Commanders and leaders
- Friedel Jacobsson † Kurt Wallenius Aarne Heikinheimo Tauno Juvonen † Mikko Kohonen: Unknown

Strength
- 278 Whites 175 Swedish Volunteers: Around 200 Reds Around 450 Russians

Casualties and losses
- 9 in total: Around 40 Dead 360 Russian Prisoners 70–80 Red Prisoners 3 executed

= Battle of Tornio (1918) =

1918 battle of the Finnish Civil War

The Battle of Tornio refers to a battle of the Finnish Civil War, that took place in the City of Tornio between the Whites and the Reds.

== Red and White Order of Battle ==

The Whites in the city, had organized themselves into a White Guard Unit in 15 January, and were in total around 73 members. With rising tensions, on 30 January 175 Jaegers came from Haparanda, Sweden and joined the already organized White Guard. On the Following day, Major Friedel Jacobsson who was the highest-ranking military official in Tornio, took command of the White Guard in the city. They were also better equipped, having 4 machine-guns.

The Reds had organized themselves into a Red Guard in November 1917, which originally consisted of around 300 men, however around 90 of them were transported to Oulu on 1 February, leaving around 200 Reds left in the city. The Reds were also supported by the local Russian Garrison, whose numbers had been rapidly depleting, having around 1,300 men in Tornio during fall, with there being around 450 left of them when the conflict started.

== The Battle ==
The first subject to the battle was a local high school called Peräpohjolan Opisto, where around 50 Russian Garrison were located. All of them surrendered, and the high school had been cleared at around 3 p.m. At 15:00, another White Guard Group had advanced towards the Railway Station, At the same time, the Civilian White Guard crossed the Torne River from Suensaari to secure positions.

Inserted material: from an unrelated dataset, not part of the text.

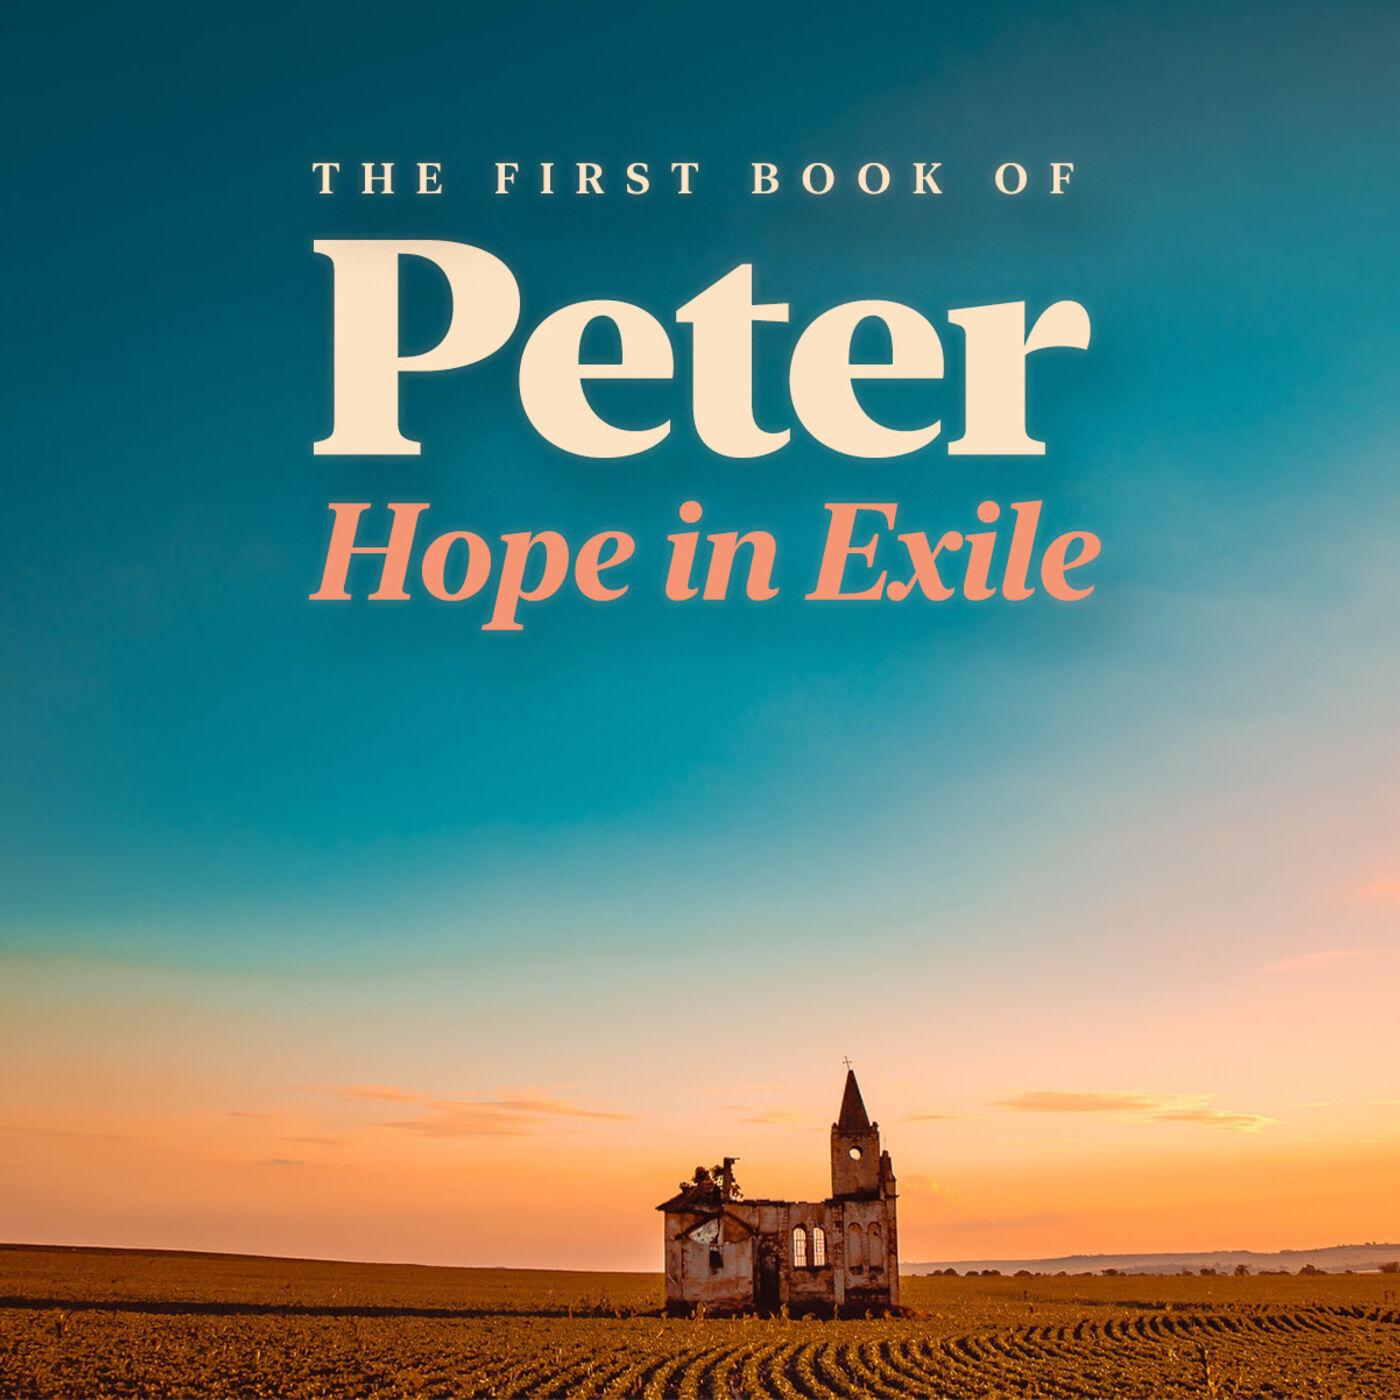 1 Peter 3:13 - 4:6 | Pastor Dale Stinson
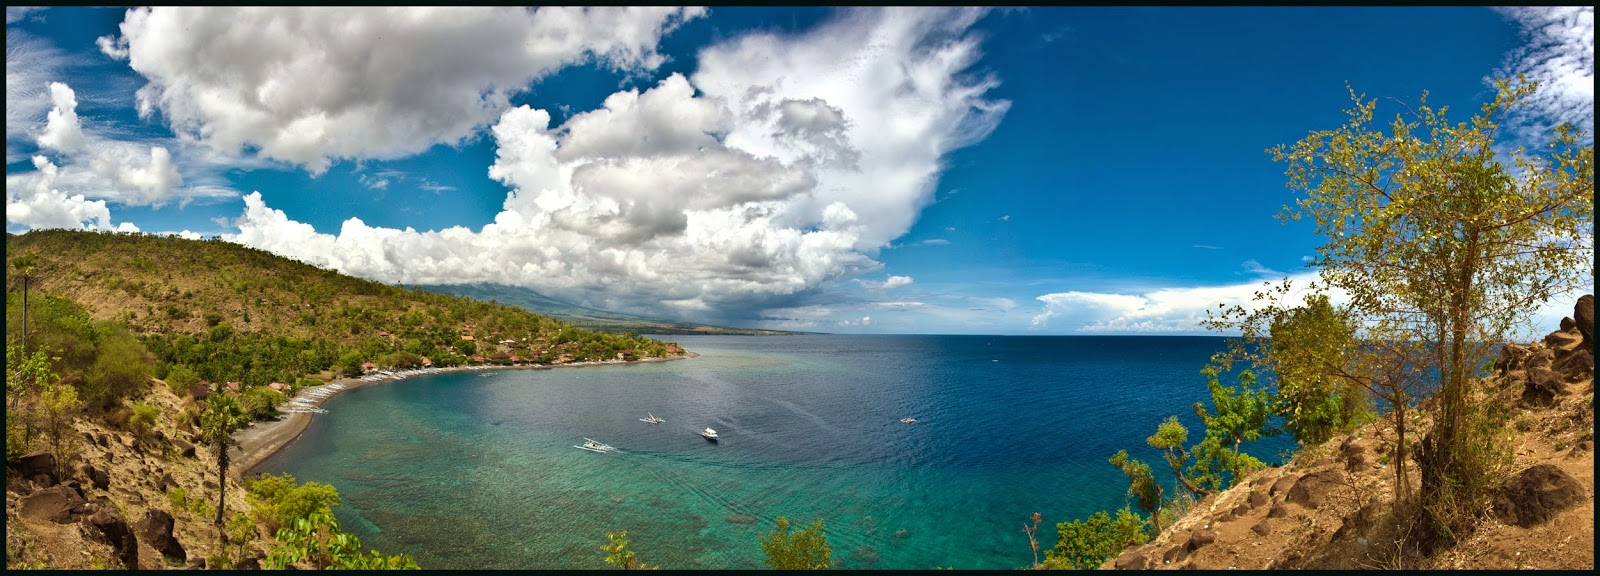 Bali Media Info Pesona Pantai Amed Karangasem Hobi Diving Menyelam

At 16:30, Mikko Kohonen and Tauno Jovenen's Groups, led by Jacobbson, came into conflict with Russians and Reds at the Northern section of the Railway Station. The Russians had positions set up at the curve of the railway track heading towards Kemi, however some reports say that some of the Russians may have fired from Medical vehicles, from where they fired at White positions. However they had to give up the fight, and some of the Russians fled to Sweden. Wallenius advanced his forces to the Southern section of the Railway Station, where after a few hours of fighting, the Reds surrendered. The following day, The remainder of the Russian Garrison at Alatornio Church surrendered. The Tornio Red Guard did not engage in the fighting, instead they surrendered en masse.